В последний раз на Гернсее сжигали колдунов в 1747 году. В городе под казни отвели площадь на перекрестке Бордаж. С 1565 до 1700 года тут было сожжено одиннадцать колдунов. Обычно злодеи сознавались. Сознаваться им помогали пытки. Перекресток Бордаж оказал немало и других услуг обществу и религии. Там сжигали еретиков. При Марии Тюдор там сожгли в числе других гугенотов мать с двумя дочерьми: мать звалась Перотиной Маси. Одна из ее дочерей была беременна и родила в пламени костра. Хроника гласит:
"Ее чрзво лопнуло". Из чрева выпал живой ребенок; новорожденный выкатился из костра; некто, но имени Гуз, подобрал его. И бальи Элье Гослен, добрый католик, велел снова бросить ребенка в огонь.
III
"Твоей жене, когда ты женишься"
Вернемся к Жильяту.
В здешних краях рассказывают, что в конце революции на Гернсее поселилась женщина с ребенком. Может быть, англичанка, а может быть, и француженка. Гернсейское произношение и сельское правописание переделали ее фамилию в Жильят. Она жила вдвоем с мальчиком, который приходился ей, по словам одних, племянником, по словам других - сыном, иные говорили внуком, а иные - что он и вовсе ей не родня. Денег у нее было немного, но на скромную жизнь хватало. Она купила лужок в Сержанта и пашню в Рок-Креспель, близ Рокена. В "Доме за околицей" хозяйничала тогда нечистая сила. Он пустовал уже лет тридцать и разваливался.
В сад слишком часто забегали морские волны, и он совсем не приносил плодов. Еще страшнее ночных шумов и огоньков в доме было вот что: если оставишь на камине с вечера моток пряжи, спицы и полную тарелку супу, то наутро, смотришь, суп съеден, тарелка пуста, а рядом с ней - пара связанных рукавиц. Домишко с дьяволом в придачу продавался за несколько фунтов стерлингов. Приезжая купила его, конечно, по наущению Сатаны. А может быть, из-за дешевизны.

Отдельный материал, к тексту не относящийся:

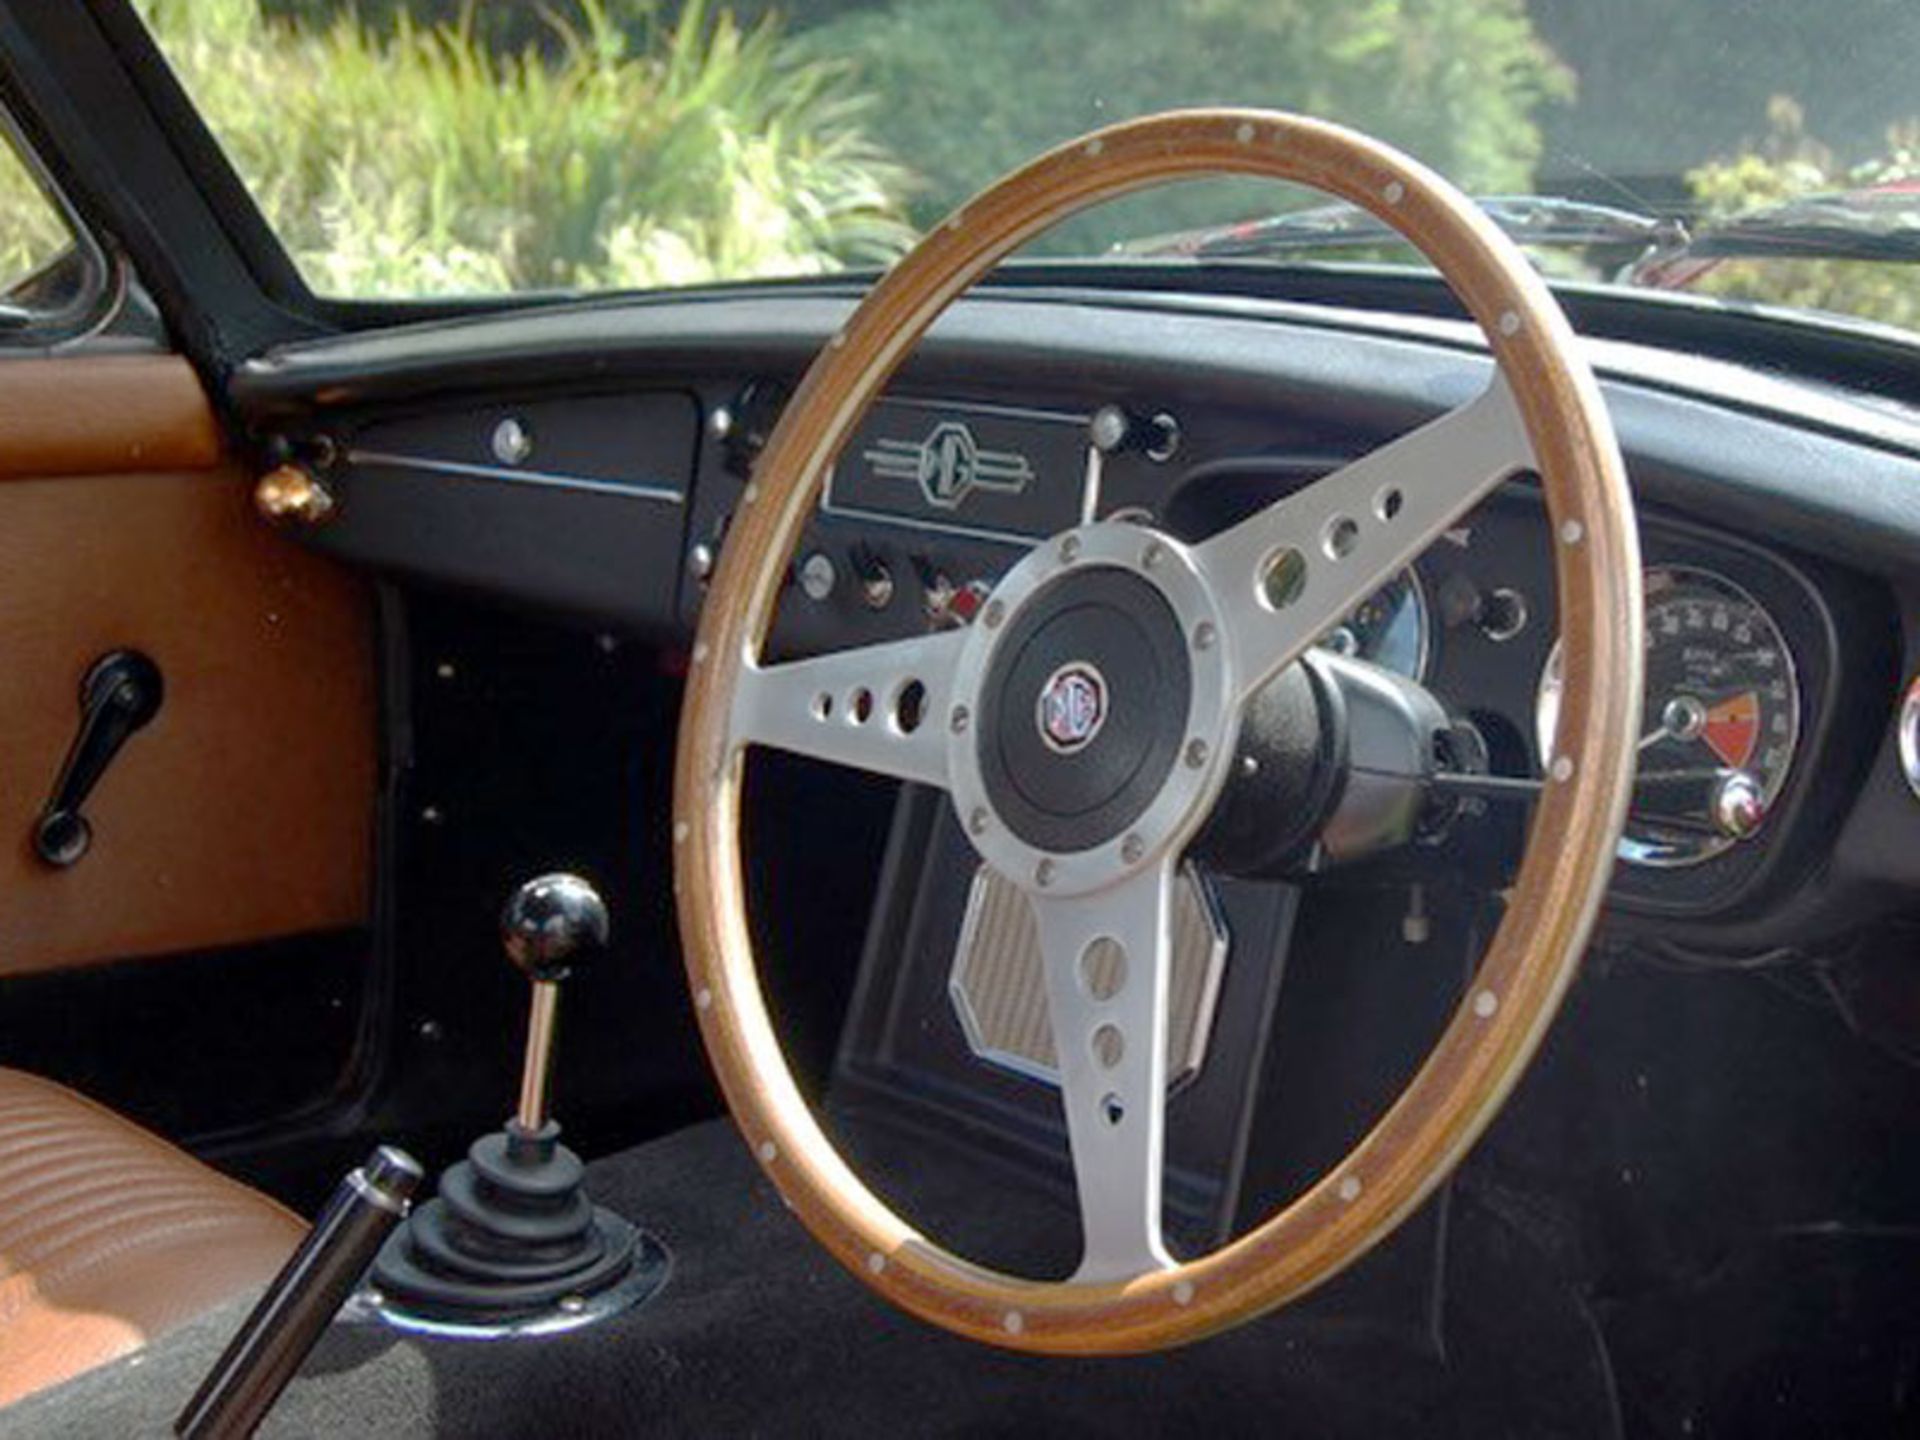 1971 MG B GT - Image 4 of 6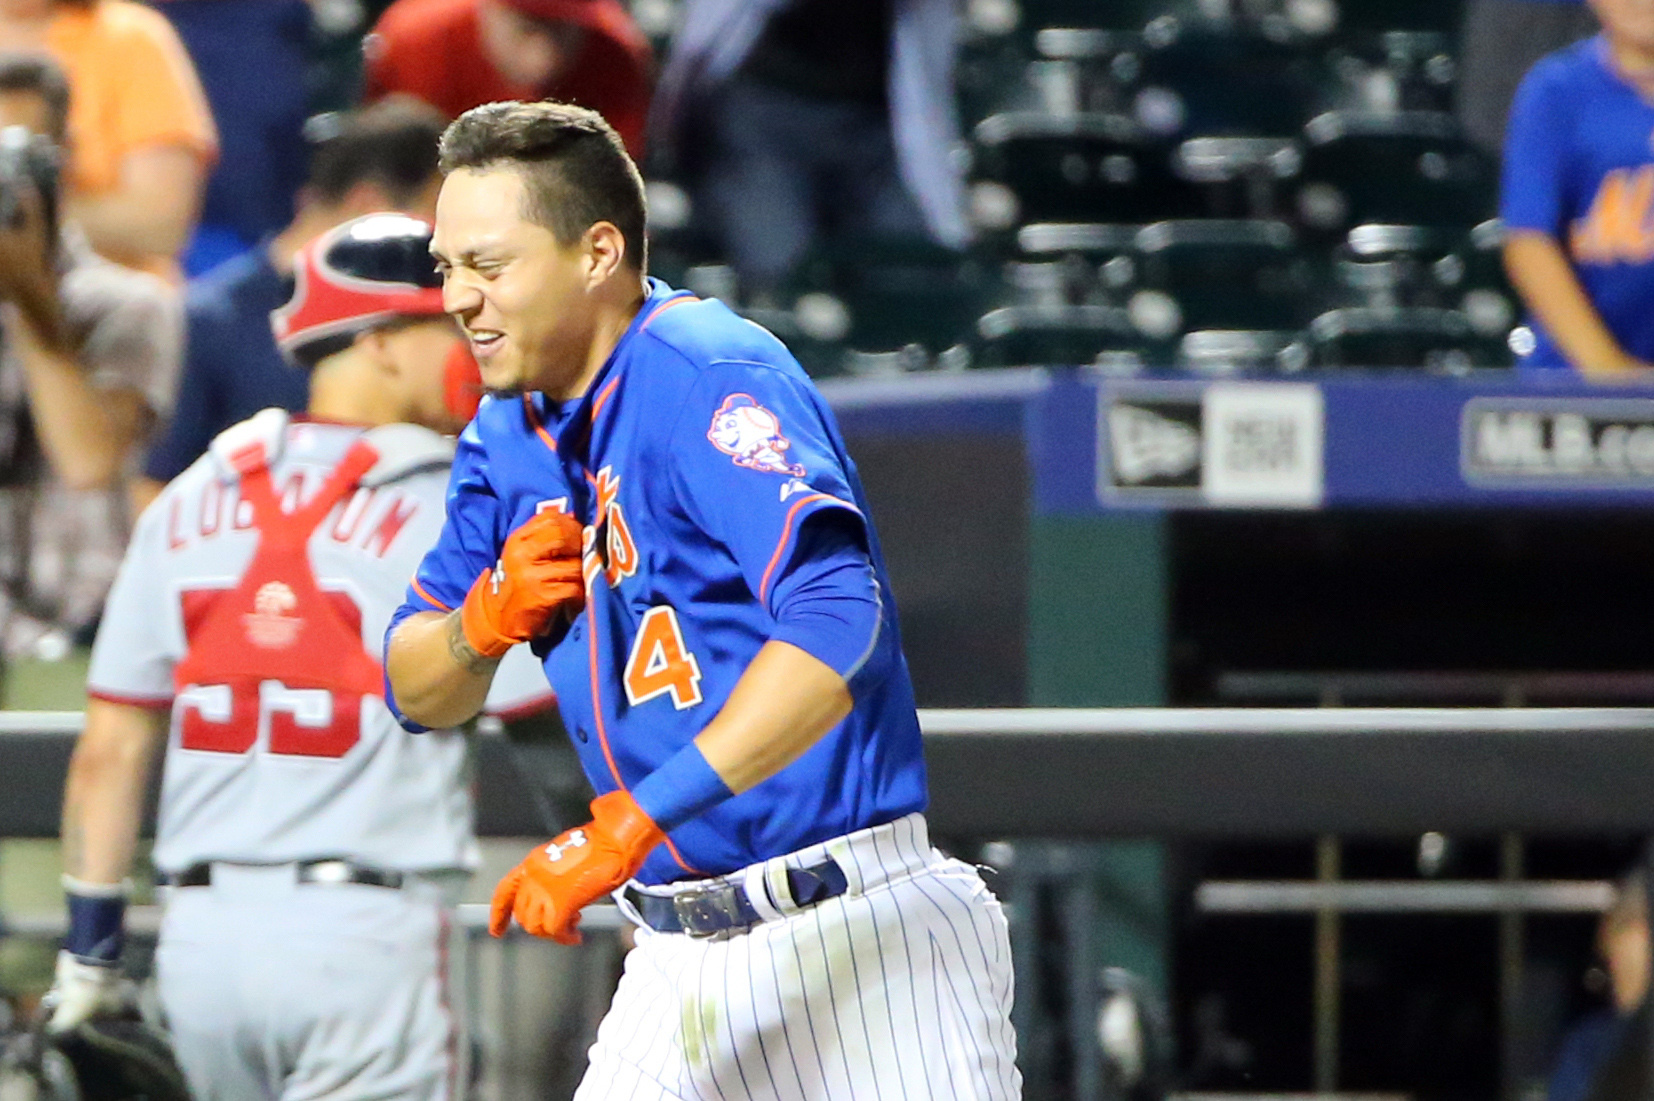 New York Mets: A Look at Johan Santana's Fall from Baseball Glory

Мало того, что она его купила, но она поселилась в нем вместе с мальчиком. И с -этой минуты в доме все успокоилось.
"По дому и жилец" - решила людская молва. Нечистая сила исчезла. На рассвете там уже не слышно было завываний, и вечером светилась лишь сальная свечка, зажженная хозяйкой.
А ведь свеча ведьмы и факел дьявола - одно и то же. Гернсейцы довольствовались таким объяснением.
Хозяйка дома получала доход от своего клочка земли.
У нее была хорошая корова, дававшая жирное молоко. Чужеземка разводила белую фасоль, капусту и картофель сорта "золотая капля". Она продавала, как все, "пастернак - бочками, лук - сотнями и бобы - мерками". Сама она не ходила на рынок, а поручала продавать урожай Гильберу Фальо в торговых рядах Сен-Сансона. Запись Фальо гласит, что однажды он продал для нее дюжину мер скороспелой картошки, под названием "трехмесячная".
Дом кое-как починили, он стал жилым; в комнатах протекало только во время сильных ливней. Дом был одноэтажный, с чердаком. Внизу было три комнаты - две спальни и столовая. На чердак вела узкая лесенка. Женщина занималась хозяйством и учила грамоте ребенка. В церковь она не ходила, поэтому, после всестороннего обсуждения, решили, что она француженка. "Лба не перекрестить" - дело не шуточное.
Словом, то были люди, никому не известные.
Она, вероятно, и была француженка. Вулканы разбрасывают камни, а революция - людей. Целые семьи раскидывает на дальние расстояния, их удел - жить на чужбине, связи разрываются, исчезают; люди словно с неба падают - кто в Англии, кто в Германии, кто в Америке. Они приводят в изумление коренных жителей. Откуда берутся незнакомцы?